Tuesday, October 17, 2006

The Friend Who Got Away, edited by Jenny Offill & Elissa Schappell

The worst thing about this book is its cover. It's orange. And there's a silhouette of this woman in these short heels - heels so low that you wonder what the point in wearing them is, I mean, if you're going to have uncomfortable feet, why not be as tall as you can be? And she's wearing a businessy skirt and a pony tail. Quite a contradiction.

I whipped out this book on a plane, and the woman sitting next to me, with whom I am aquainted, and who is normally a very polite and well-spoken woman, glanced at the cover and said, "you're reading that?!"

Yes. Yes I am. I've been waiting to read The Friend Who Got Away for quite some time now because, as stated in the introduction,

"The loss of a friendship can be nearly as painful as a bitter divorce or death. And yet it is a strange sort of heartbreak, one that is rarely discussed, even in our tell-all society. Tales of disastrous loves abound, but there is something about a failed friendship that makes those involved guard it like a shameful secret."

Hmm. Yeah. That sounds about right. I can immediately think of two friends that I've lost. One I'm mostly okay with having lost, but the other friend - well it makes shudder to think of how close we were, and how poorly I treated her in the end. The way our friendship sputtered out, and how we half-heartedly tried to reconnect every now and again, but never could even get on the same page, and were always somehow offending each other, sometimes accidentally but sometimes on purpose, that is one of my shameful secrets. I never talk about it, (at least not without tearing up), and try not to even think about it, because it makes me feel like a bad friend, and even worse, a bad person. Friendship has the potential to last forever, and when it doesn't, it can really make us feel horrible.

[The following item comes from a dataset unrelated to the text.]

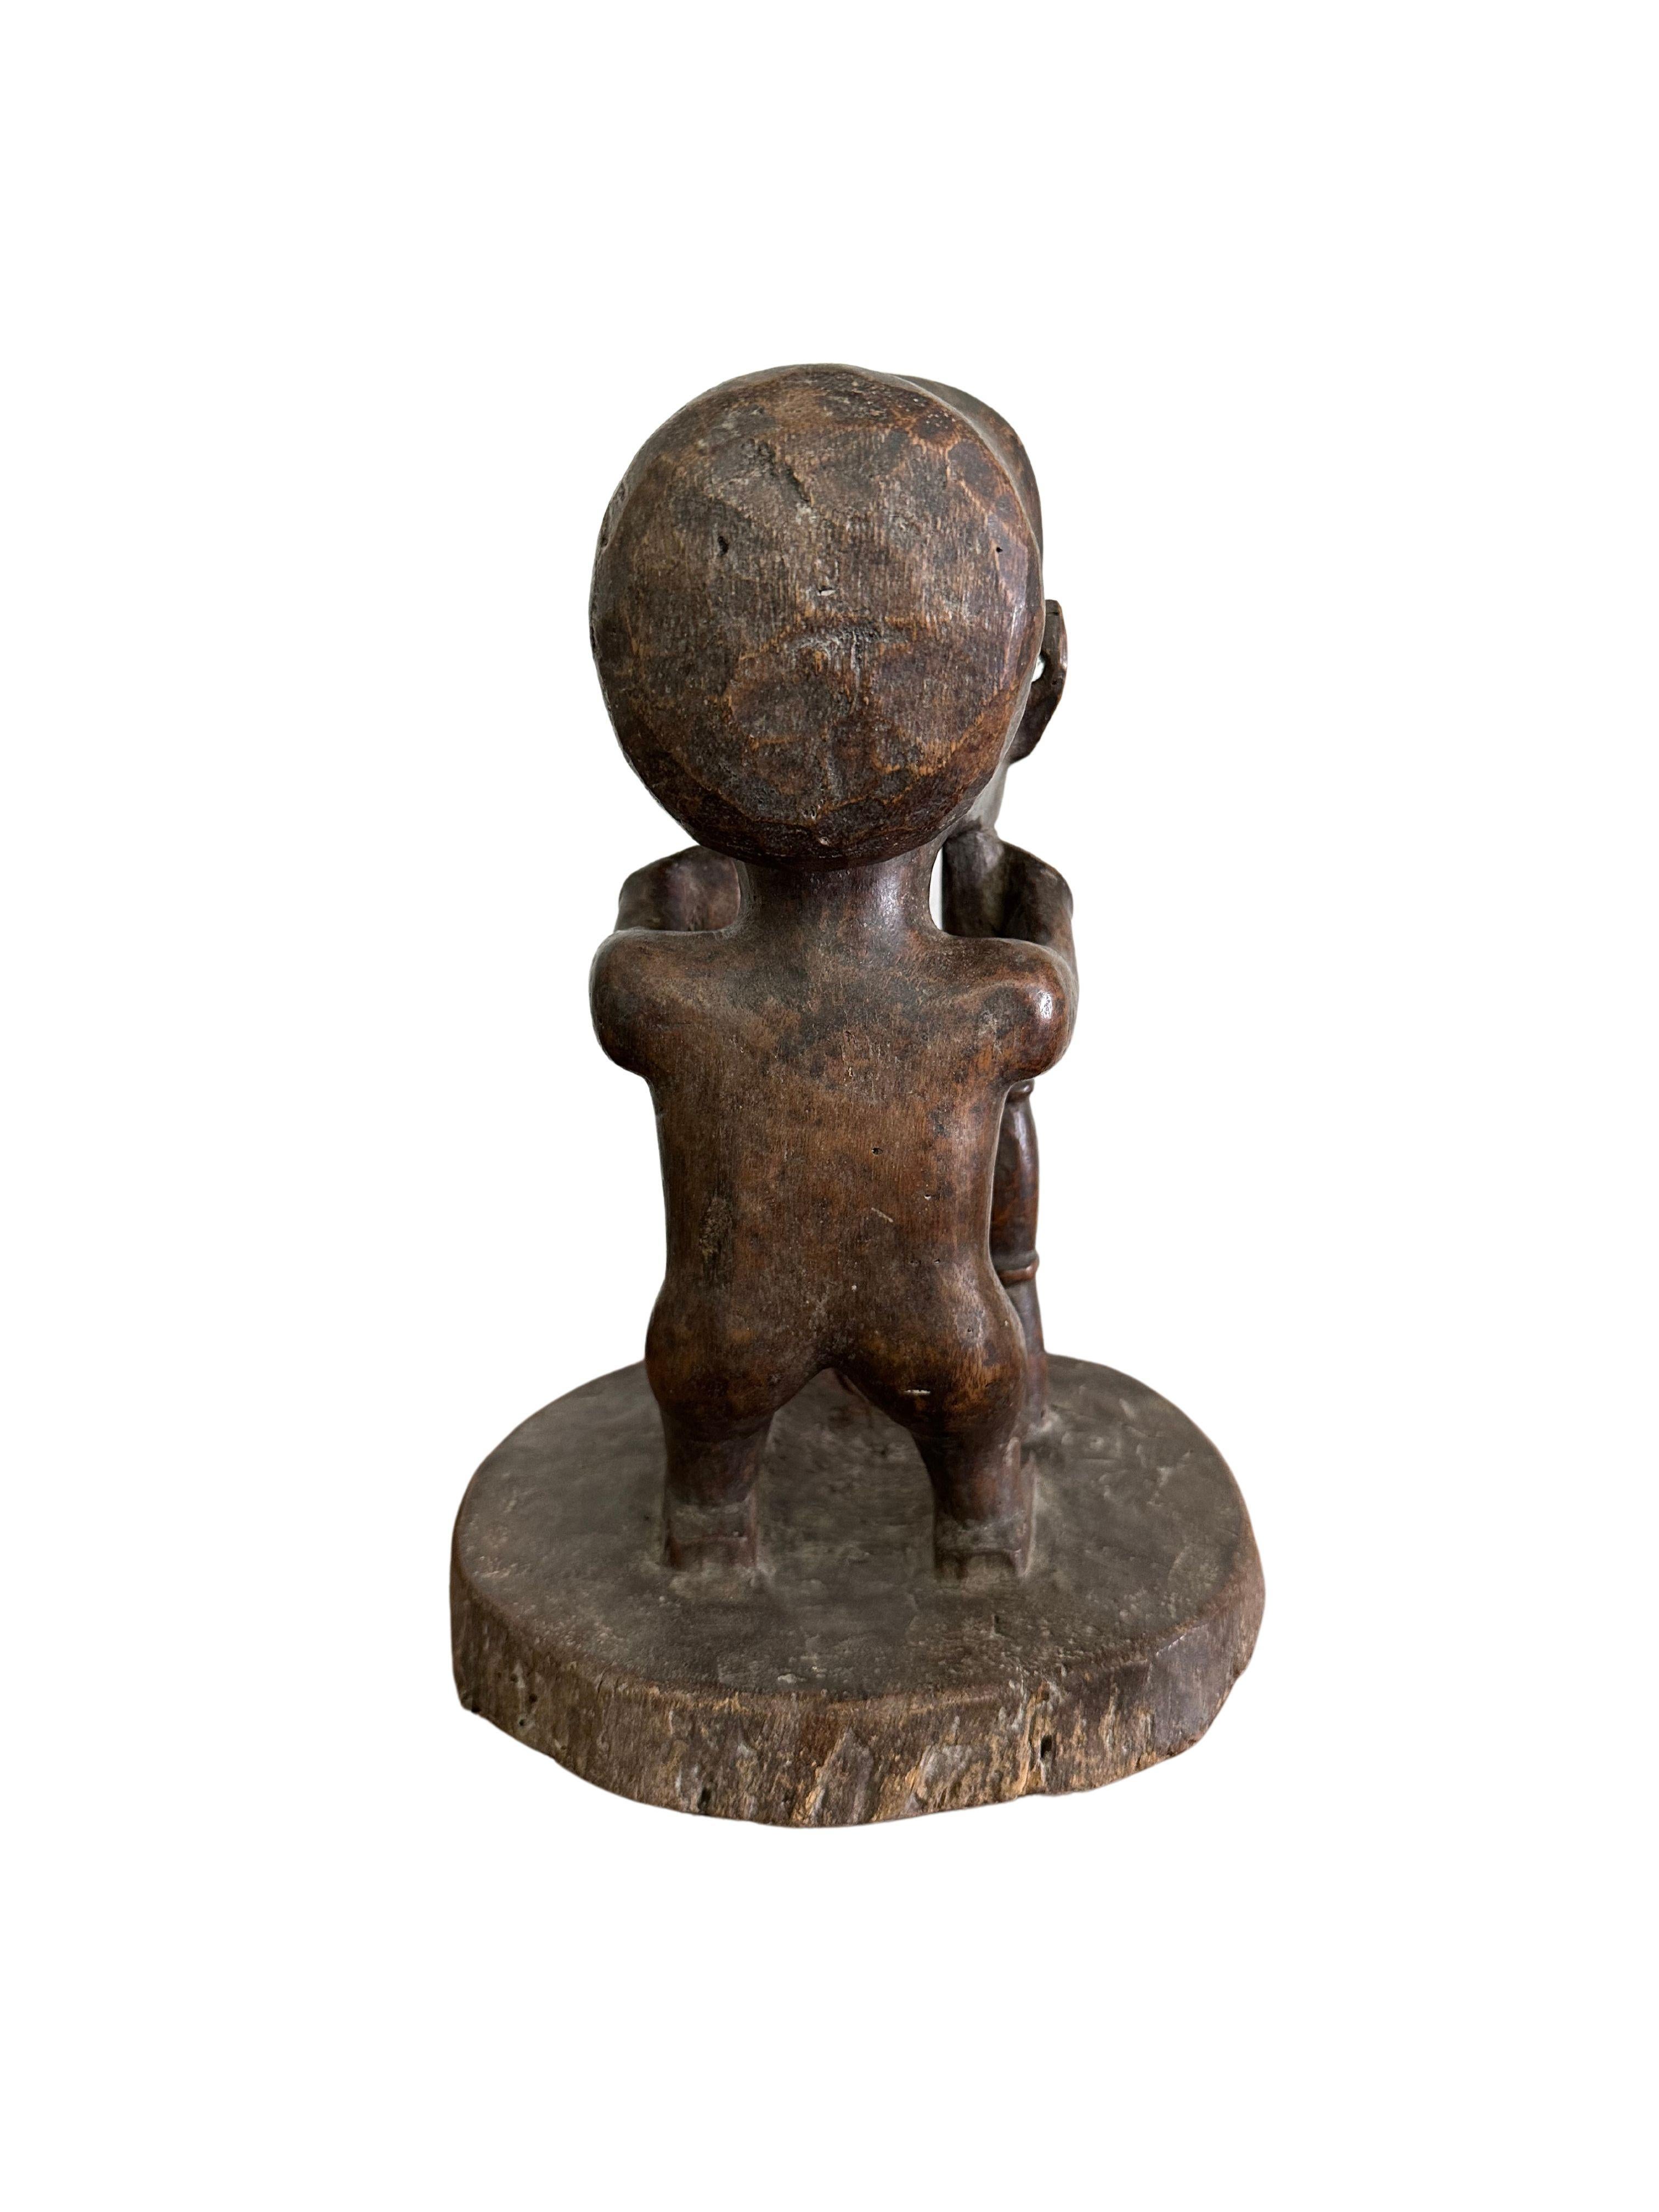 Indonesian Rare Korwar Ancestral Figure West Papua, Indonesia c. 1800

There are twenty stories in this collection - true stories of lost friendship - and I enjoyed most of them. My favorites are the opening story, Katie Roiphe's "Torch Song," Mary Morris' "The Other Face," and Beverly Gologorsky's "In a Whirlwind." The first is about Katie as a college student, who carelessly sleeps with her friend's crush. Katie didn't even like the boy, and hardly found him attractive. Even today, she can't say why she did it, except to remark, "I was fulfilling some misplaced idea of myself. I was finally someone who took things lightly." The second is about Mary, her life long family friend Lauren, and the perils of borrowing money from a friend. The third touched me mostly because Beverly and Jessica came of age in such a different era - the late sixties and early seventies. They were both involved in various protests and civil rights movements, and fell out during a disagreement over whether men should be able to walk in a march for women's rights. Their friendship was lost over ideological conviction. Damn.

Emily White's "End Days," nearly makes the cut of my top three. It's about a friendship between two sixth graders, a hardcore Christian girl who believes the apocolypse will happen any day now and Emily, whose family doesn't have religion. Doesn't everyone have those cringe-worthy memories where we've made fun of someone who was perfectly nice, even wonderful to us? Some good person with "wacky" beliefs? I certainly have.

My least favorite stories were (surprisingly) Dorothy Allison's, which wasn't just about one friend, but various friends and lovers, and didn't have the type of focus I was looking for in this anthology, though it had some beautiful writing - Patricia Marx's, which was too short and too vague, too much like an outline of a friendship without the characters and details - and, I'm sort of embarassed to say, but Jennifer Gilmore's "The Kindness of Strangers" was very hard for me to read. It's about Jennifer as a twenty-something who has to have her colon removed, and her rancorous and jealous thoughts. I'm sure the story was therapuetic for Gilmore to write, but after reading about how miserable her life was, I was hoping for some sort of redemption. Even a cheesy epilog would have helped. Because each of these stories has such a sad ending (except for Nuar Alsadir, whose "friend" really needed to get lost), and Gilmore's illness was so grueling, I felt like the anthology needed to end on a somewhat happy note.

I wouldn't recommend reading this collection in one sitting. Are collections or anthologies meant to be read in one sitting? I'm not sure, but after reading maybe five or seven stories in a row I started to read each new one with a palpable sense of almost dread - like a mix of sadness and dread, because you know that all of these wonderful friendships will fail. It's gets depressing after a while. But it's also a bit thrilling to so intimately eavesdrop on an aspect of these womens' lives. The topic of lost friends is something that I simply can't talk about with this kind of honesty and objectivity with my friends. And I talk about everything with my friends!

Even though it's far from perfect, and you will certainly get some funny looks if you read it in public, I would recommend The Friend Who Got Away to any woman who's ever lost a friend, and feels guilty. Which is to say, I'd recommend it to every woman.